Models, code, and output provided below for reference:
m6.1 <- lm(log2(salary) ~ G + AB + AVG + position + allstar + weight + height + bats + ageDebut, data = dat)
tidy(m6.1)# A tibble: 12 x 5
term estimate std.error statistic p.value
<chr> <dbl> <dbl> <dbl> <dbl>
1 (Intercept) 19.1 1.50 12.7 1.68e-34
2 G 0.00113 0.000541 2.10 3.62e- 2
3 AB 0.0000910 0.000150 0.606 5.44e- 1
4 AVG 2.20 1.04 2.11 3.53e- 2
5 positionOther 0.161 0.134 1.20 2.30e- 1
6 positionPitcher 1.49 0.187 8.01 3.14e-15
7 allstar 1.24 0.103 12.0 2.41e-31
8 weight 0.00459 0.00235 1.95 5.12e- 2
9 height 0.00110 0.0214 0.0515 9.59e- 1
10 batsL -0.145 0.142 -1.02 3.10e- 1
11 batsR -0.0915 0.134 -0.681 4.96e- 1
12 ageDebut -0.0594 0.0212 -2.80 5.23e- 3
2^1.4933[1] 2.815322
library(glmnet)
set.seed(4380)
y <- log2(dat$salary)
x <- model.matrix(log2(salary) ~ G + AB + AVG + position + allstar + weight + height + bats + ageDebut, data = dat)
m6.1_lasso_cv <- cv.glmnet(x, y, alpha = 1)
best_lambda <- m6.1_lasso_cv$lambda.min
best_lambda[1] 0.003812728
m6.1_lasso_best <- glmnet(x, y, alpha = 1, lambda = best_lambda)
m6.1_lasso_best$beta12 x 1 sparse Matrix of class "dgCMatrix"
s0
(Intercept) .
G 1.144055e-03
AB 8.769415e-05
AVG 1.947328e+00
positionOther 1.218987e-01
positionPitcher 1.419984e+00
allstar 1.243190e+00
weight 4.318390e-03
height 3.658793e-04
batsL -9.384155e-02
batsR -4.614191e-02
ageDebut -5.971399e-02
Exercise 6.1
Adjusting for number of games and at-bats, batting average, all-star status, weight, height, batting hand, and age at debut, we expect a pitcher to have $1.493 higher \(\log_2\) salary than a catcher.
Adjusting for number of games and at-bats, batting average, all-star status, weight, height, batting hand, and age at debut, we predict that a pitcher has 2.815 times the salary of a catcher.
Exercise 6.2
The \(\lambda\) chosen was 0.003813. All variables were included in the LASSO model.
Exercise 7.1
The authors performed a hypothesis test on an interaction term between time (year) and age group. We know this because they specifically are comparing the increase over time itself (that is, the slope corresponding to year) between the two groups. Example null and alternative hypotheses are \(H_0: \beta_{year \times group} = 0\) vs. \(H_1: \beta_{year \times group} \neq 0\).
Exercise 7.2
No. Their statement affirms the null hypothesis by stating it is true (“the increase…did not differ”) as opposed to a correct statement along the lines of “there was not enough evidence to suggest a difference,” etc.

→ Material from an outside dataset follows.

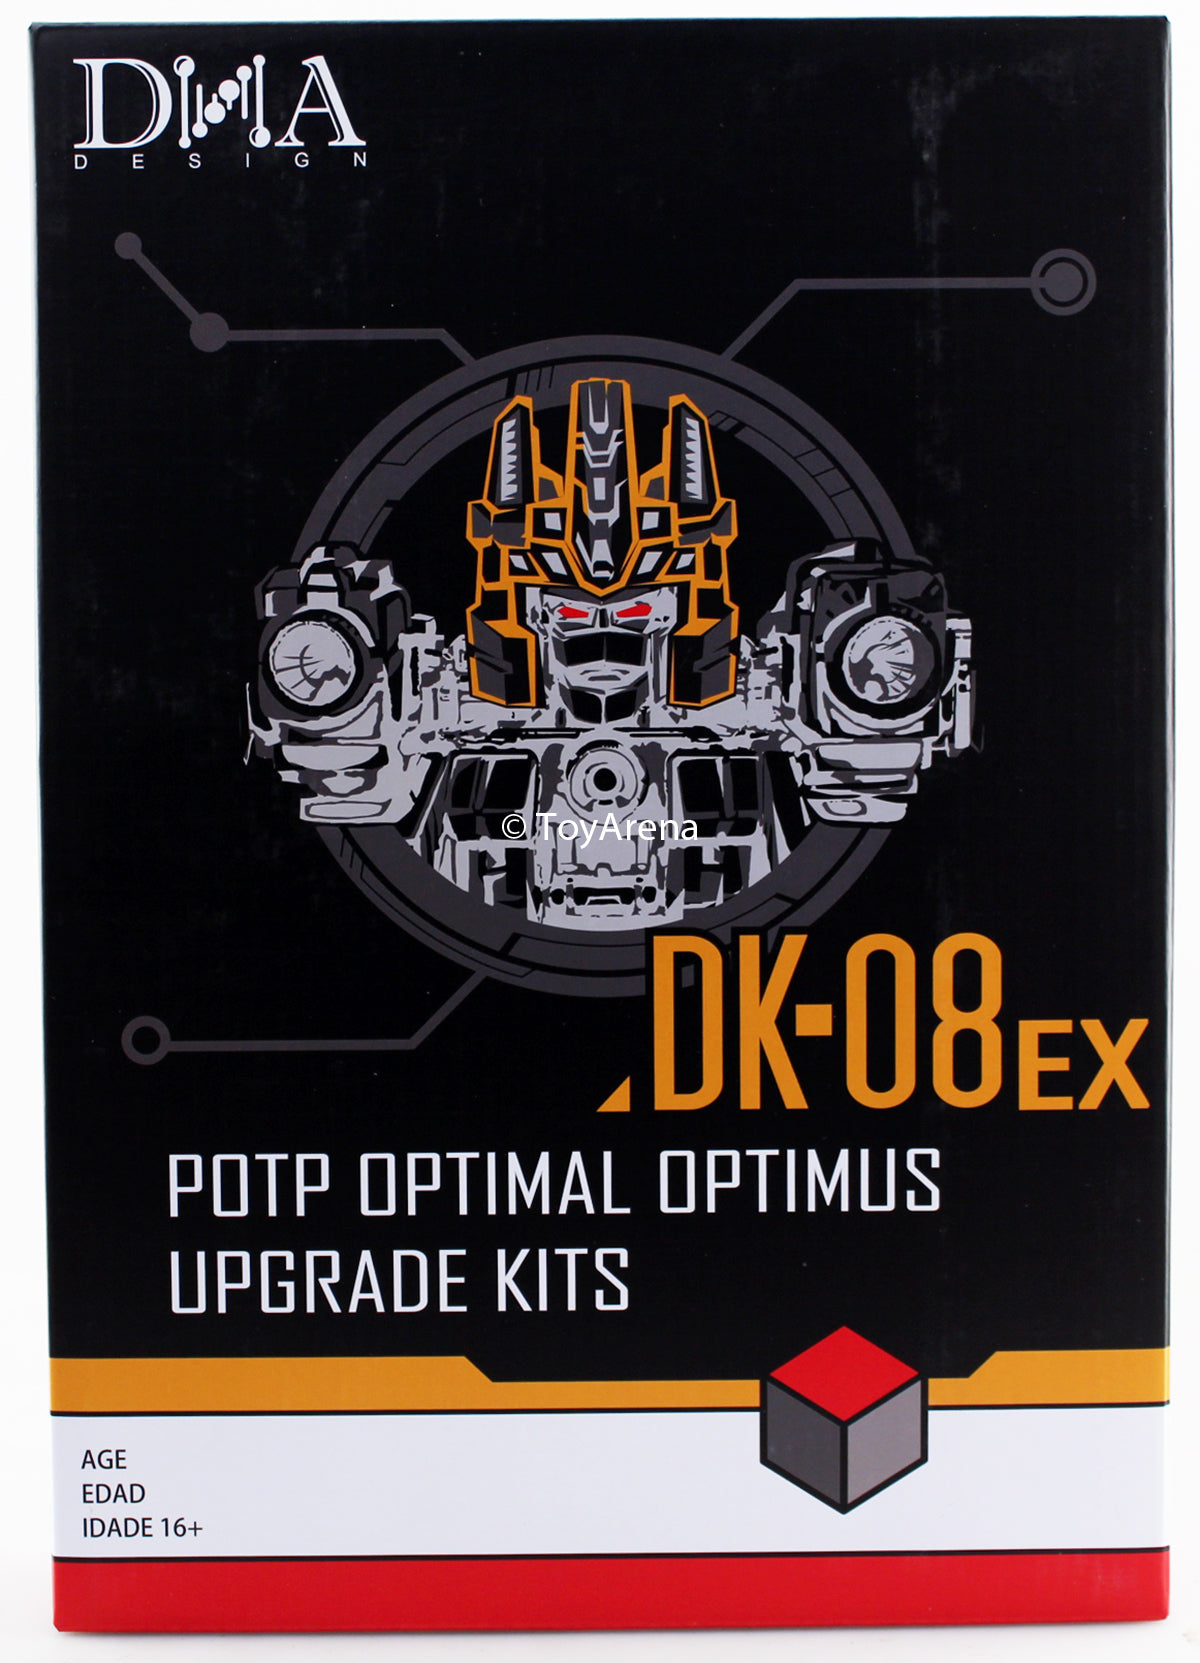 DNA Designs DK-08EX Upgrade Kit for POTP SDCC/ PP-43 Optimal Optimus

This pattern is due to the league contracted minimum starting salary of approx. $500k. All of these players have the same salary, but have different predictions from the model based on their characteristics. The model has no way of “knowing” that they are receiving the MLB minimum contract, as this information wasn’t included (e.g., number of years spent in the league).